By TIOL News Service

NEW DELHI, SEPT 04, 2016: THE issue is - Whether 'packing materials' which enter local area for packing tea, can be claimed as input for purpose of seeking exemption from payment of Entry Tax. NO is the answer.

Facts of the case

The assessee is having a tea manufacturing unit at Dharwad, wherein three types of tea, namely, packet tea, tea bags & quick brewing black tea is manufactured. It was claimed by assessee that the Dharwad Unit, as opposed to the other units manufacturing tea, was a new unit and was, therefore, exempt altogether from payment of entry tax on packing material of tea under a notification issued u/s 11A of Karnataka Entry Tax Act.
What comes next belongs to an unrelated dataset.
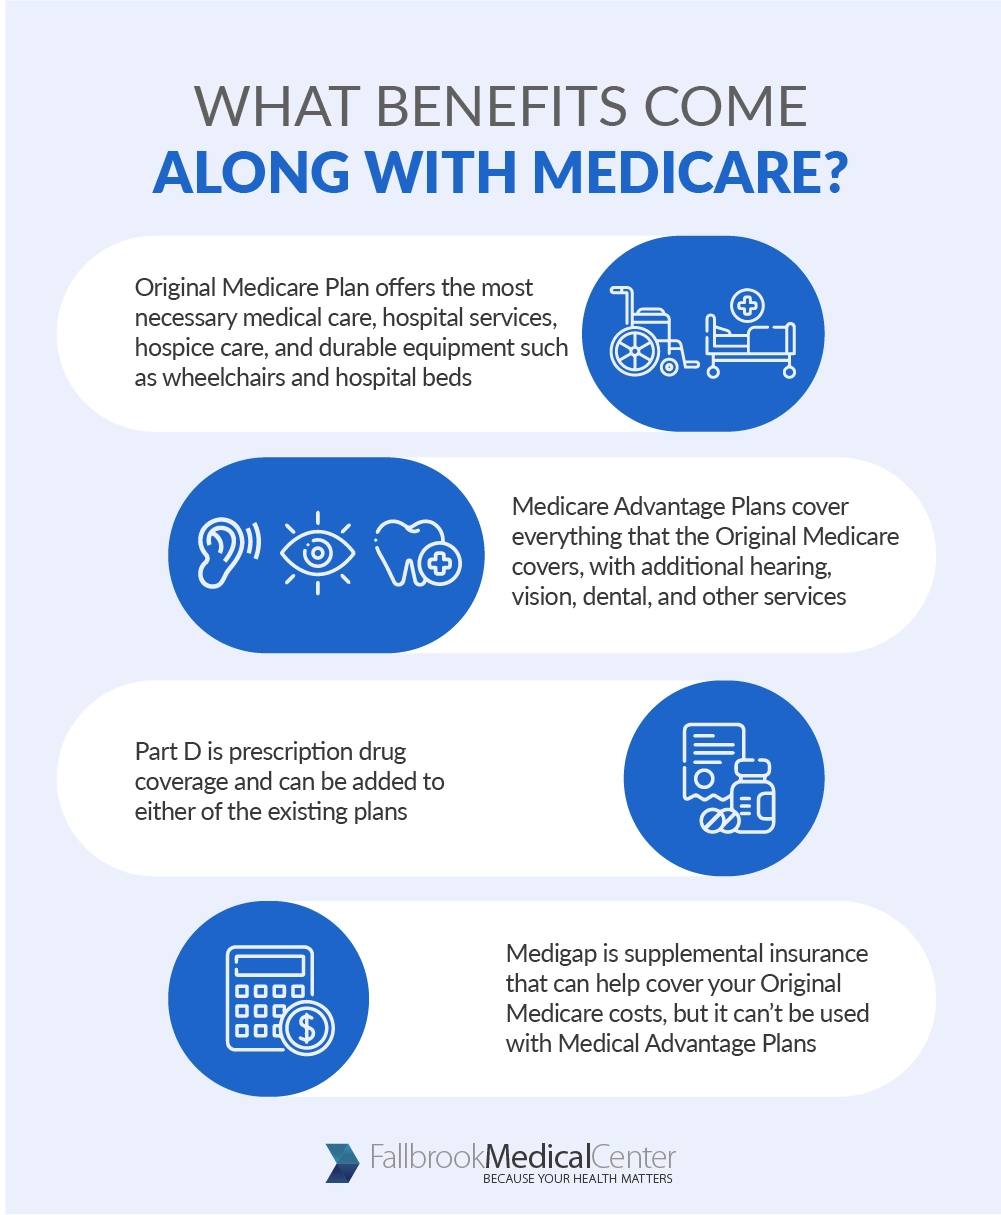 What Benefits Come Along With Medicare?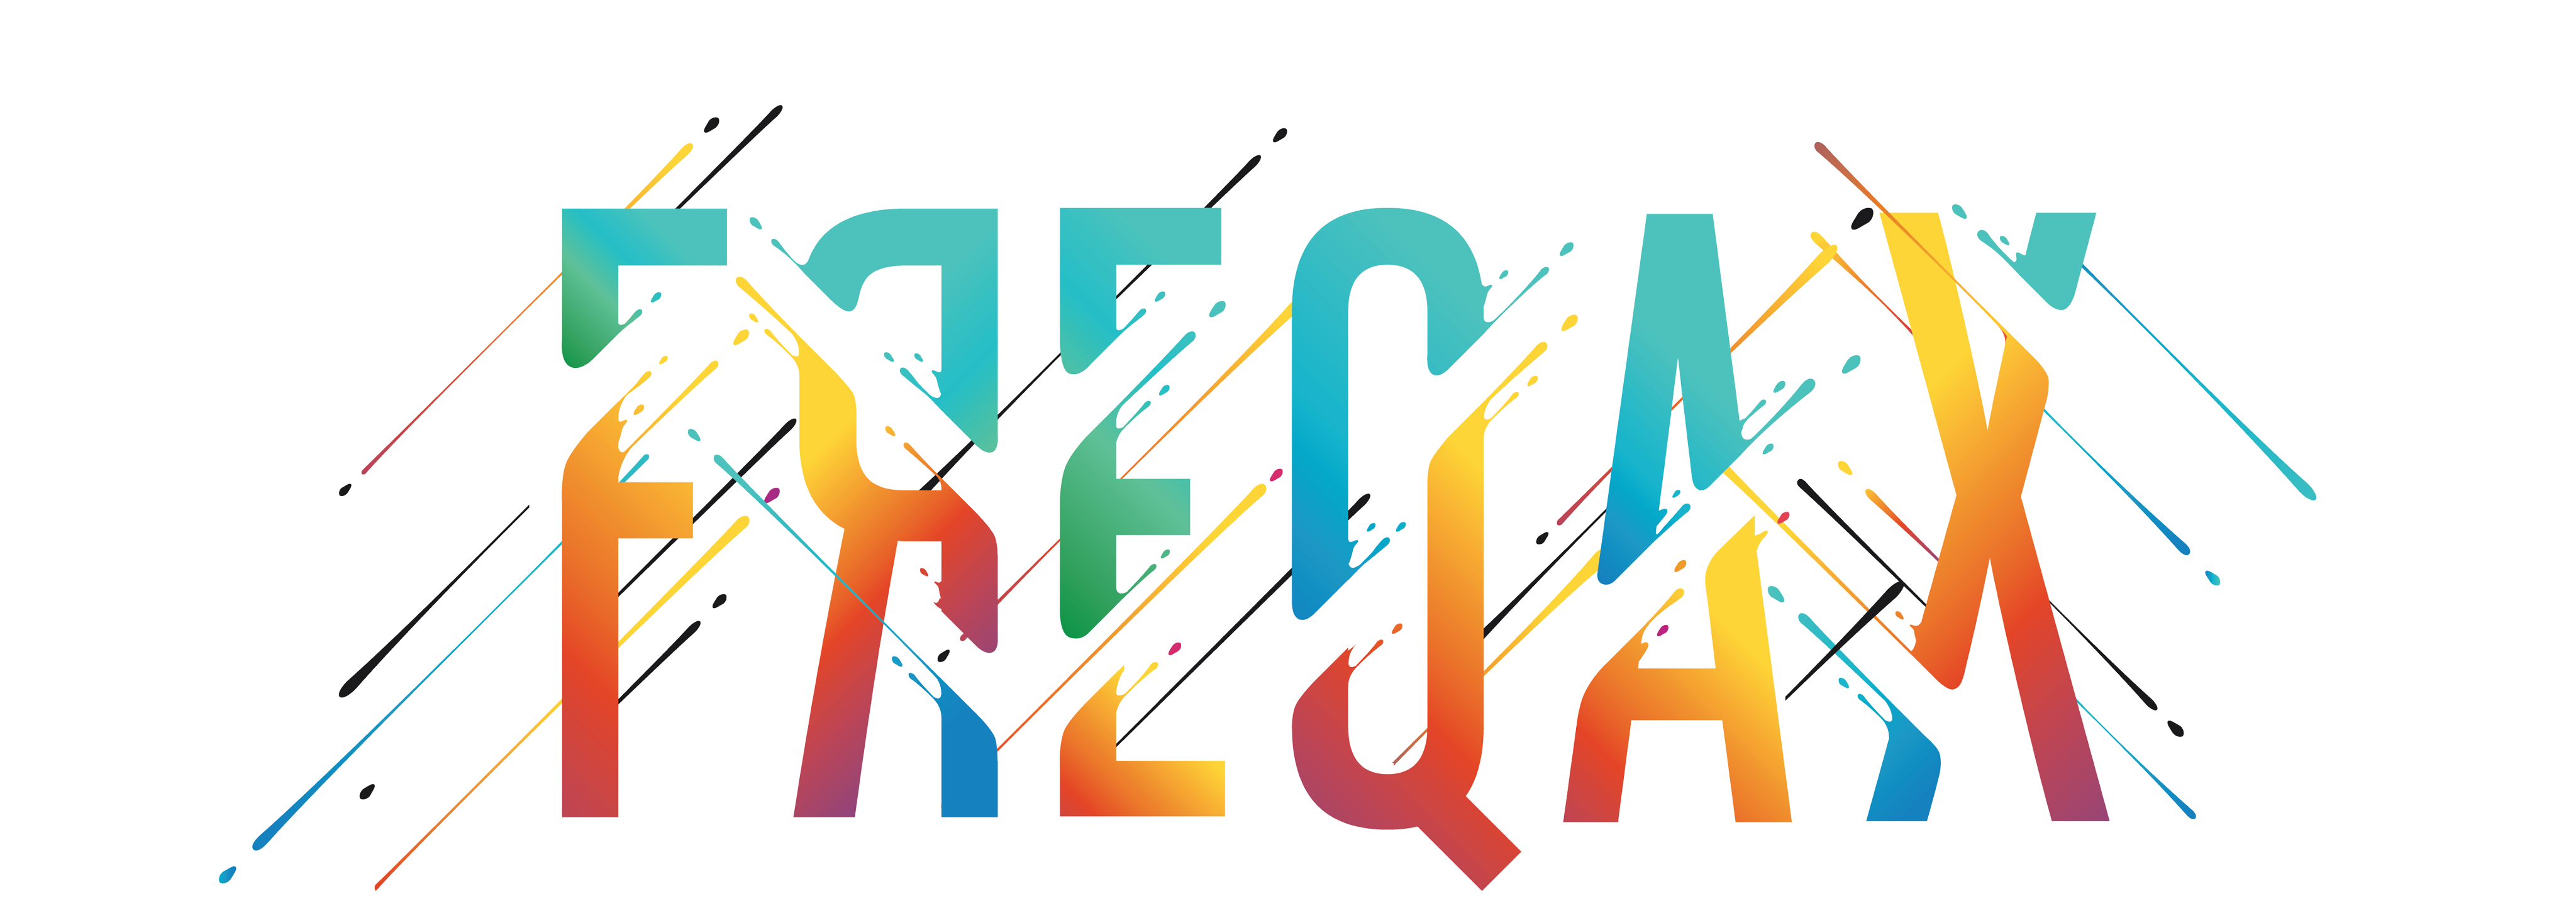 FREQAX of FREQKID - OFFICIAL

Insofar as the other units were concerned, it was the case of assessee that they were covered by Explanation II to a Notification issued u/s 3 of the said Act, and "packing material" being covered by the said Explanation would entitle them to pay entry tax at the rate of 1% and not 2%. All the authorities under the Entry Tax Act i.e. the AO, the First Appellate Authority and the Karnataka Appellate Tribunal however, held that packing material could not be regarded as raw material, component parts or inputs used in the manufacture of finished goods and, therefore, in the context of the Entry Tax Act read with Schedule I, such packing material was neither exempt nor chargeable at the rate of 1% on a true construction of the aforesaid notifications.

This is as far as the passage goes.